Ma negli allegati quando il cliente o il fornitore &#232; escluso? 
o meglio il cliente di S. Marino o il fornitore di S. Marino lo devo mettere? 
e le utenze? Enel- Telecom etc.? 
e il fornitore carburanti (io uso Fornitore carburante per tutte le cartelle ed &#232; cumulativa perci&#242; non ha partita iva o codice fiscale)? 
e l'autofattura (che io emetto per le operazioni reverse charge)? 
aiutoooooooooooooooo

----------


## roby

Segnalo all'attenzione degli utenti il provvedimento dell'Agenzia Entrate
con i chiarimenti necessari:  http://www.commercialistatelematico...._fornitori.pdf

----------


## vincenzo0

E si segnala anche l'articolo di approfondimento odierno, su come compilare l'elenco clienti e fornitori per poi trasmetterlo all'Agenzia delle Entrate, di Vincenzo D'Andò, contenuto nella nuova Rubrica istituita dal C.T. sulle novità fiscali del giorno.
In particolare, tale pratico ed esauriente articolo (riservato abbonati) é contenuto nelle novità fiscali del 19 giugno 2007 (oggi).

----------


## Noe'

Come prima cosa un saluto a tutto il Forum. 
Io devo realizzare il software relativo al famigerato elenco e ho effettivamente piu' di 1 dubbio. 
Ad esempio, le fatture emesse in regime di Esigibilita' Differita vanno inserite nell'elenco in base all'emissione? (sembrerebbe di si perche' vale la data del documento).
E allora come si fara' a fare un riscontro con la dich IVA dal momento che l'imposta la si paga solo al momento dell'incasso? (che puo' avvenire anche fra 1 anno!..) 
Il 15 ottobre e' ancora lontano ma.... fa presto ad arrivare.
Un saluto
Noe'

----------


## DANI_10

articolo sul Sole del 05/07: gli elenchi dei semplificati non andranno inviati!!!  :Big Grin:   :EEK!:   
E IO NEGLI ULTIMI 2 MESI CHE CAVOLO HO LAVORATO A FARE? :Mad:   :Mad:

----------


## vmapb

buongiorno,
volevo chiedere che cosa si intende per "Imposta afferente riferita alle operazioni imponibili" e "Operazioni imponibili con IVA non esposta in fattura" relativamente alla presentazione telematica degli elenchi clienti/fornitori. 
Grazie

----------


## Stefania M

Buongiorno,
ho letto le specifiche tecniche sul come creare il file di invio degli allegati Clienti/Fornitori. Mi è sorto un dubbio riguardo la dimensione dei file da inviare. Parla di 3MB compressi, cosa si intende per compressi? Zippati? O semplicemente file di testo? 
Mi potete aiutare? 
Vi ringrazio in anticipo.
Saluti, Stefania

----------


## danilo sciuto

Sì.
Leggi qua http://www.viveremeglio.org/0studio_...ip/per_zip.htm  :Smile:     

> Buongiorno,
> ho letto le specifiche tecniche sul come creare il file di invio degli allegati Clienti/Fornitori. Mi è sorto un dubbio riguardo la dimensione dei file da inviare. Parla di 3MB compressi, cosa si intende per compressi? Zippati? O semplicemente file di testo? 
> Mi potete aiutare? 
> Vi ringrazio in anticipo.
> Saluti, Stefania

----------


## antoniov

> Ma negli allegati quando il cliente o il fornitore è escluso?

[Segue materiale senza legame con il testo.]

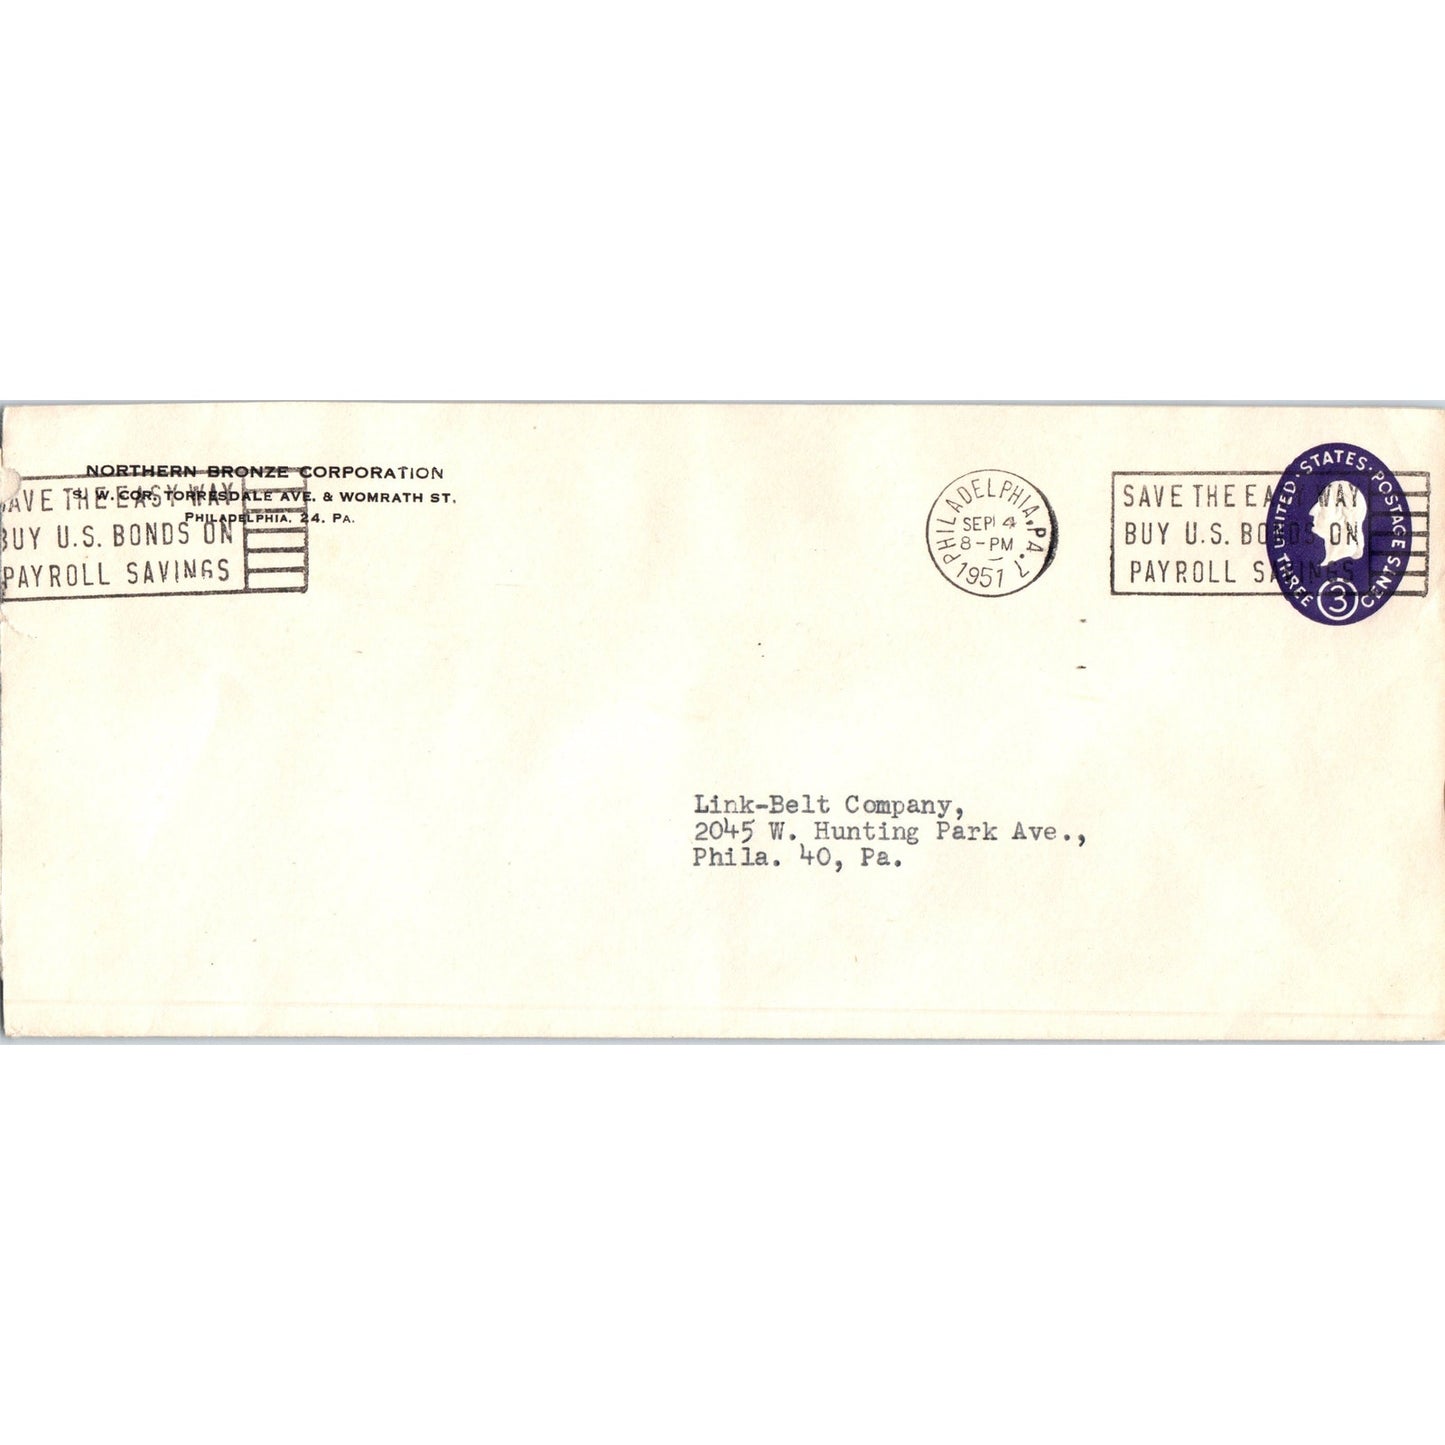 1951 Northern Bronze Corp to Link-Belt Co Philadelphia Postal Cover TH9-L2

  Sono escluse tutte le operazioni non imponibili (inerenti le importazioni e le esportazioni) escluse quelle indirette (con lettera d'intenti). :Smile:   

> o meglio il cliente di S. Marino o il fornitore di S. Marino lo devo mettere?

  A mio parere non deve essere indicato, in quanto inerente una operazione di importazione e esportazione. :Confused:   

> e le utenze? Enel- Telecom etc.?

  Sono fornitori ordinari, con tanto di partita IVA evidenziata in fattura. :Embarrassment:   

> e il fornitore carburanti (io uso Fornitore carburante per tutte le cartelle ed è cumulativa perciò non ha partita iva o codice fiscale)?

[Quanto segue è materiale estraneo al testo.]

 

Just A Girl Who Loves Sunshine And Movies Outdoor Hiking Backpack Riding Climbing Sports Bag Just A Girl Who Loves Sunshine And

  La scheda carburante non è inclusa in quanto manca del requisito della partaita IVA. Se invece richiedi fattura direttamente alla società erogatrice, devi inserire i dati. :Big Grin:   

> e l'autofattura (che io emetto per le operazioni reverse charge)? 
> aiutoooooooooooooooo

  Le operazioni di reverse charge sono generalmente inerenti le importazioni e quindi come sopra.

----------


## gg71_it

credo che le autofatture in generale non vadano in elenco (si si pensi all'aquisto fatto da un agricoltore che opera in regime di esonero) 
dico bene?    

> Sono escluse tutte le operazioni non imponibili (inerenti le importazioni e le esportazioni) escluse quelle indirette (con lettera d'intenti). 
> A mio parere non deve essere indicato, in quanto inerente una operazione di importazione e esportazione. 
> Sono fornitori ordinari, con tanto di partita IVA evidenziata in fattura. 
> La scheda carburante non è inclusa in quanto manca del requisito della partaita IVA. Se invece richiedi fattura direttamente alla società erogatrice, devi inserire i dati. 
> Le operazioni di reverse charge sono generalmente inerenti le importazioni e quindi come sopra.

----------


## antoniov

Non conosco bene il regime agricolo per cui non mi sento di darti un parere. Mi verrebbe da dire che se:
1) L'agricoltore ha Partita Iva
2) Registri una fattura imponibile 
la devi portare in elenco

----------


## GIANLUCA

Salve qualcuno di voi ha trovato qualche riferimento normativo relativamente all'obbligo di invio dell'elenco clienti e fornitori per le ditte in stato di fallimento. Ho letto su internet che le ditte in fallimento sono escluse da tale obbligo come lo sono per la comunicazione annuale iva. Sarebbe opportuno un chiarimento da parte della Agenzia delle Entrate.
Grazie. :Confused:

----------


## gg71_it

Dove lo hai letto che le procedure concorsuali sono escluse?... E' un dubbio che attanaglia anche me.    

> Salve qualcuno di voi ha trovato qualche riferimento normativo relativamente all'obbligo di invio dell'elenco clienti e fornitori per le ditte in stato di fallimento. Ho letto su internet che le ditte in fallimento sono escluse da tale obbligo come lo sono per la comunicazione annuale iva. Sarebbe opportuno un chiarimento da parte della Agenzia delle Entrate.
> Grazie.

----------